The present application is a national phase of PCT/US2009/066861, filed Sep. 3, 2009 and is based on, and claims the priority from, German Application Numbers 102008048599.3, filed Sep. 23, 2008; 202009003695.2, filed Mar. 28, 2009; and 202009005847.6, filed Apr. 21,2009.
The present invention relates to a rock drill bit in particular being used in hammer, impact and/or rotary drilling equipment.
Such a drill bit is appropriate for drilling concrete or steel-reinforced concrete, also for other masonry, rock or the like. Especially high requirements are set on the rock drill bit when drilling metallically reinforced materials. In this case the rock drill bit's lip/blade geometry precludes “controlled” chipping—as known for metal drill bits—the reinforced material.
Instead the attempt must be made to use an appropriate drill bit angular speed and by applying as high a pressure as possible on the surface being worked or to attain drilling through such metallically sheathed material. Such an approach is a mixture of chipping and plastic deformation.
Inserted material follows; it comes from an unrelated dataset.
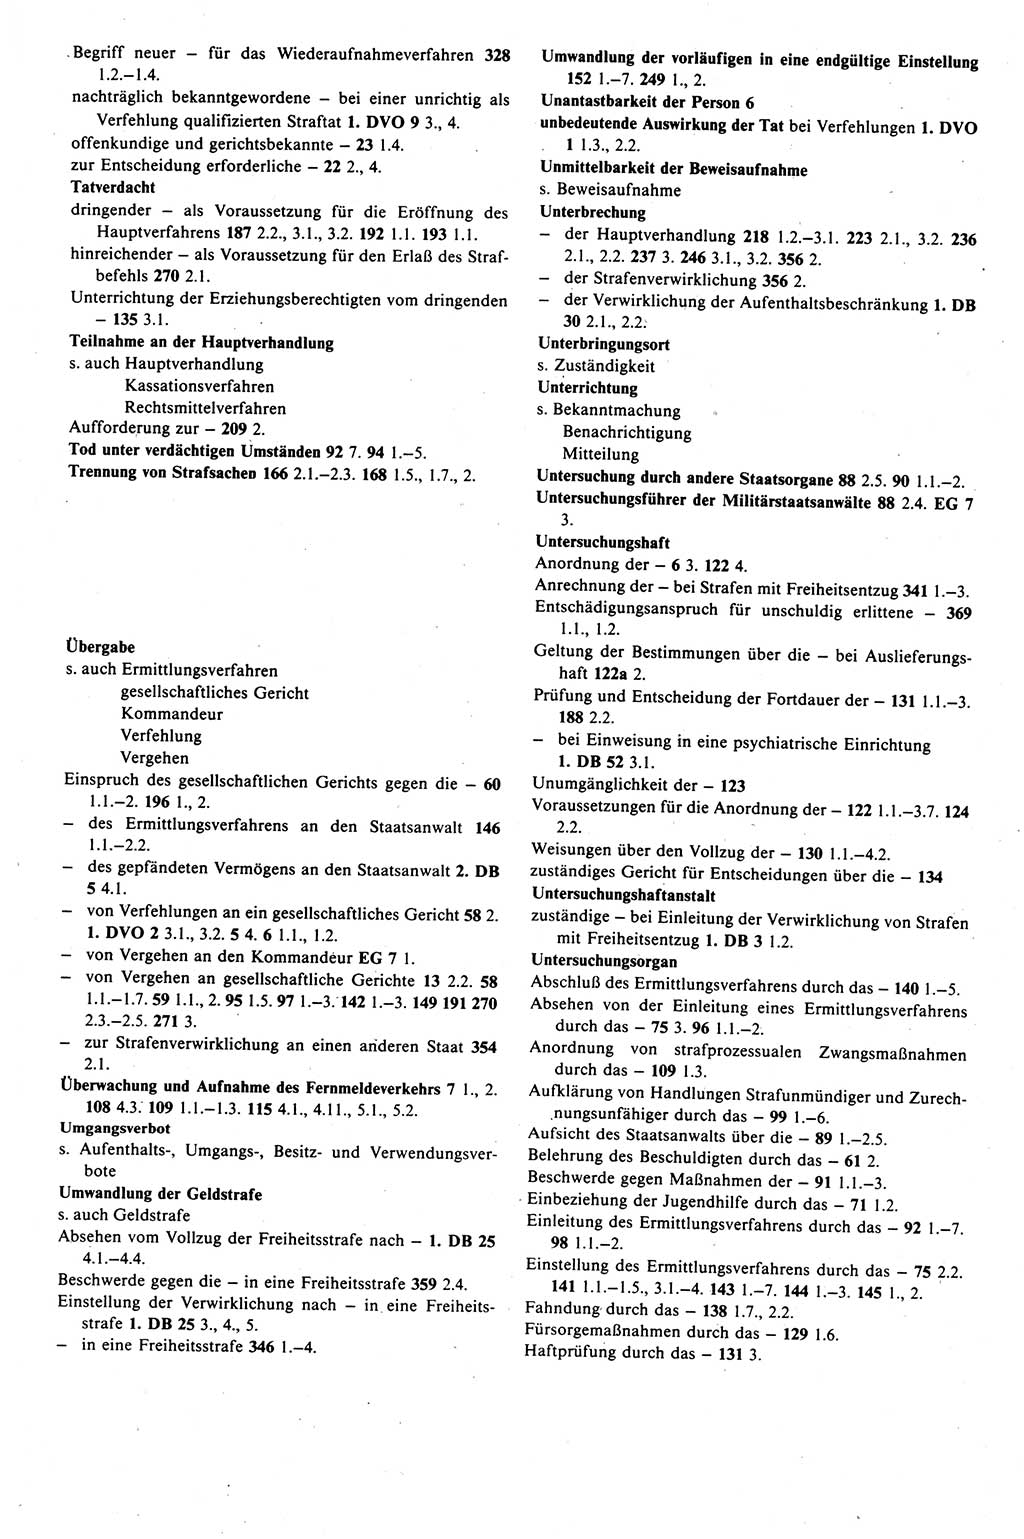 Strafprozeßrecht der DDR (Deutsche Demokratische Republik), Kommentar zur Strafprozeßordnung (StPO) 1989, Seite 537 (Strafprozeßr. DDR Komm. StPO 1989, S. 537)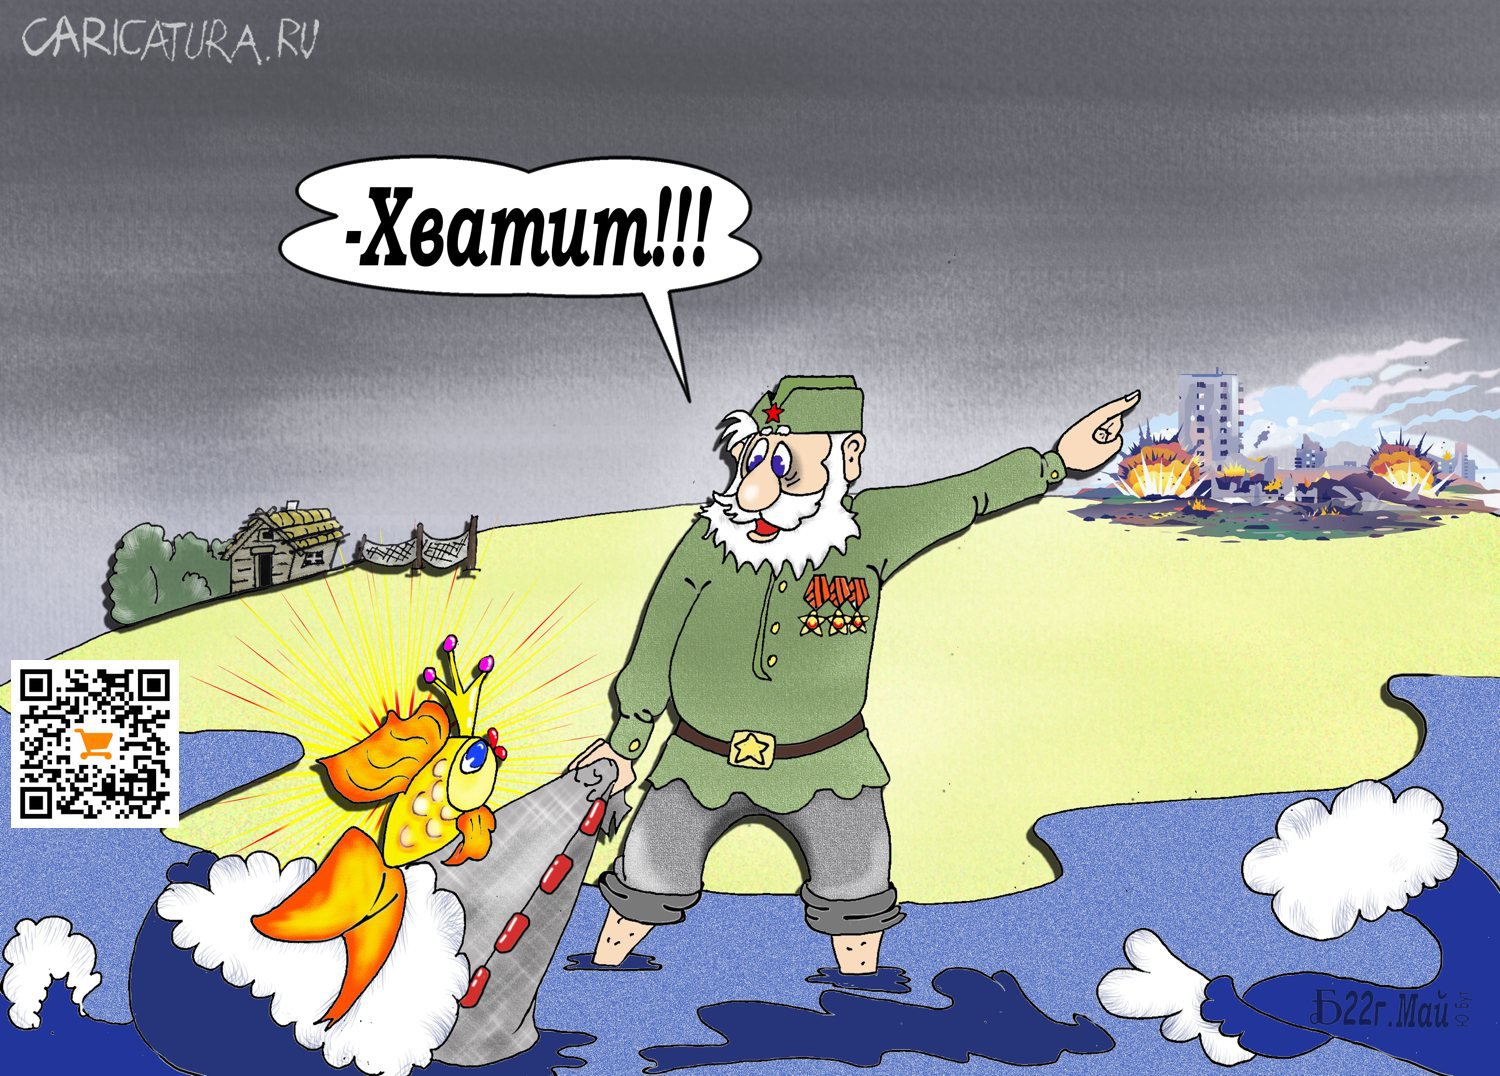 Карикатура "Про сказку ложь да...", Борис Демин

High stresses on the rock drill bit are involved, in particular as regards the cutting edges, i.e. the lips, of the rock drill bit.
Significant criteria to control the geometry of the rock drill bit are simple centering, the rate of drilling advance/progress, long service life, also low wear.
The present invention starts from the rock drill bit disclosed in the German patent document DE 20 2007 002 120 U1 relating to a drilling head comprising—in topview—three alar blades each fitted at its top side with a lip. The lips each are constituted by a leading chipping face and a trailing flank. The lips symmetrically converge with one another in a central zone aligned with the drill bit axis.
In the design of the known rock drill bit, the lips are axially set back in the central zone in a manner that said zone is narrowed. It was found that, when drilling reinforced materials, a centering tip does not contribute to drilling progress because the drilling velocity practically disappearing near/at the center.
In particular as regards metallically reinforced materials, the known drill bit already offers good drilling progress per unit time.
The objective of the present invention is to so further design and further develop the known rock drill bit that the attainable drilling progress per unit time shall be raised further.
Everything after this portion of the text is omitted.